Keywords: Atrioventricular septal defect, Tetralogy of Fallot, Outcome, Multidisciplinary Care, Pediatrics
Atrioventricular septal defect associated with Tetralogy of Fallot (AVSD-TOF) or double outlet right ventricle (DORV) with subpulmonic obstruction (Sub PS) is a complex and rare congenital cardiac anomaly. AVSD-TOF is more frequently associated with trisomy 21, commonly associated with other noncardiac comorbidities.1,2 The type of surgical procedures for these patients varies between patients and surgeons. Some surgeons prefer the univentricular pathways, while others avoid univentricular palliation because of the unfavorable long-term outcome, especially in trisomy 21 patients. Biventricular repair of AVSD-TOF may be primary/one-stage repair or after initial palliation in the form of right ventricular outflow tract (RVOT) stenting or ductal stenting through cardiac catheterization or in the form of systemic to pulmonary shunt (2-stage repair).
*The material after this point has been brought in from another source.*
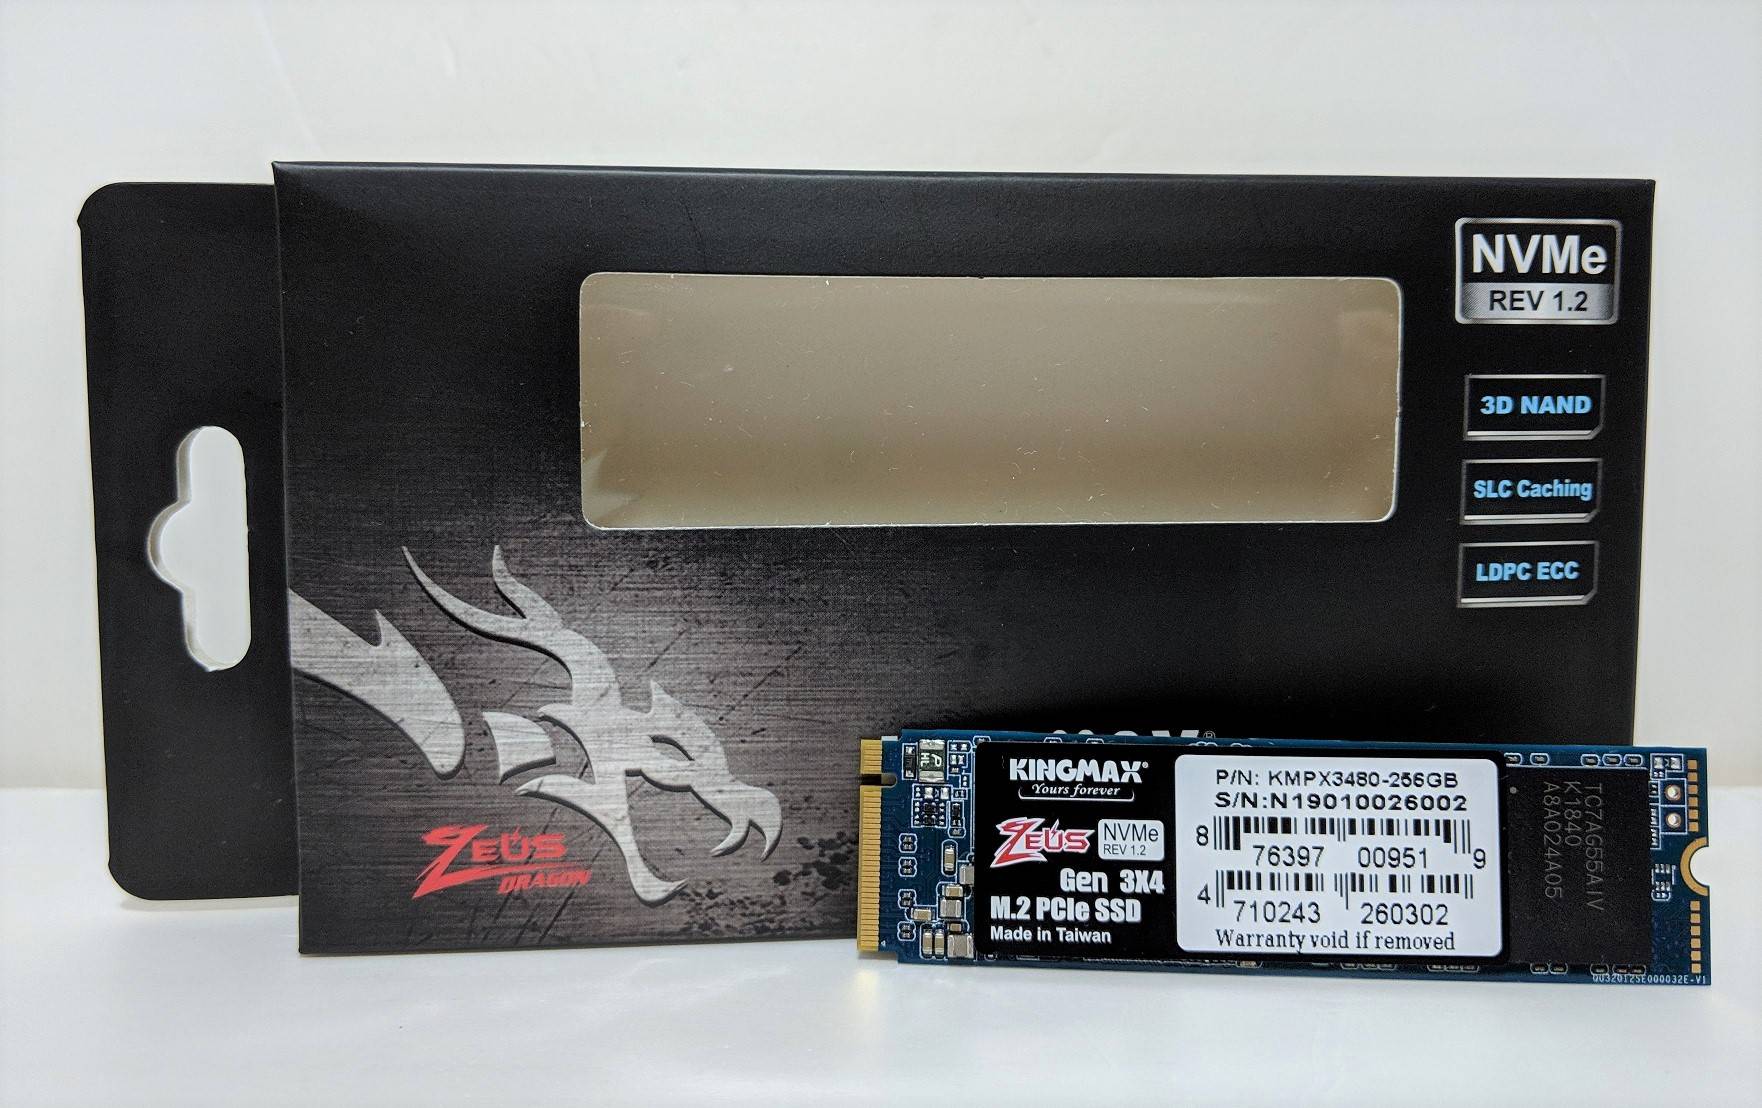 KINGMAX Zeus Dragon PX3480 NVMe PCIe SSD

Whenever feasible, it is advisable to go with the primary total repair of AVSD-TOF, as palliative treatment options may lead to increased ventricular volume loading and a worsening of common atrioventricular valvular regurgitation (CAVVR) and/or distortion of pulmonary arteries as in cases with systemic to pulmonary artery shunts.3–6
Complete surgical repair may not always be achieved owing to the lesion’s complexity and concomitant cardiac defects that hinder the biventricular repair, e.g., severely hypertrophied right ventricle (RV) with a small cavity, smaller outlet portion of the ventricular septal defect and the far distance between the aorta and the outlet portion of the VSD that may predispose for left ventricular outflow tract obstruction, especially in cases have AVSD-DORV-Sub PS. There is debate about the optimal surgical technique for patients with AVSD-TOF/DORV-Sub PS, including the timing of total repair and the initial use of palliation.1,2,7–9 In our centers, primary biventricular repair is the preferred option for these patients whenever possible. This cohort study aimed to examine the outcomes of surgical repair performed on patients diagnosed with AVSD-TOF in 2 cardiac centers.
Methods
This retrospective study was conducted with ethics committee approval, and informed consent for data use was obtained from legal guardians. Patients with AVSD-TOF who underwent biventricular repair or one and half ventricle repair were included in the study. Preoperative, operative, postoperative, echocardiographic, catheterization, and outcome data were collected.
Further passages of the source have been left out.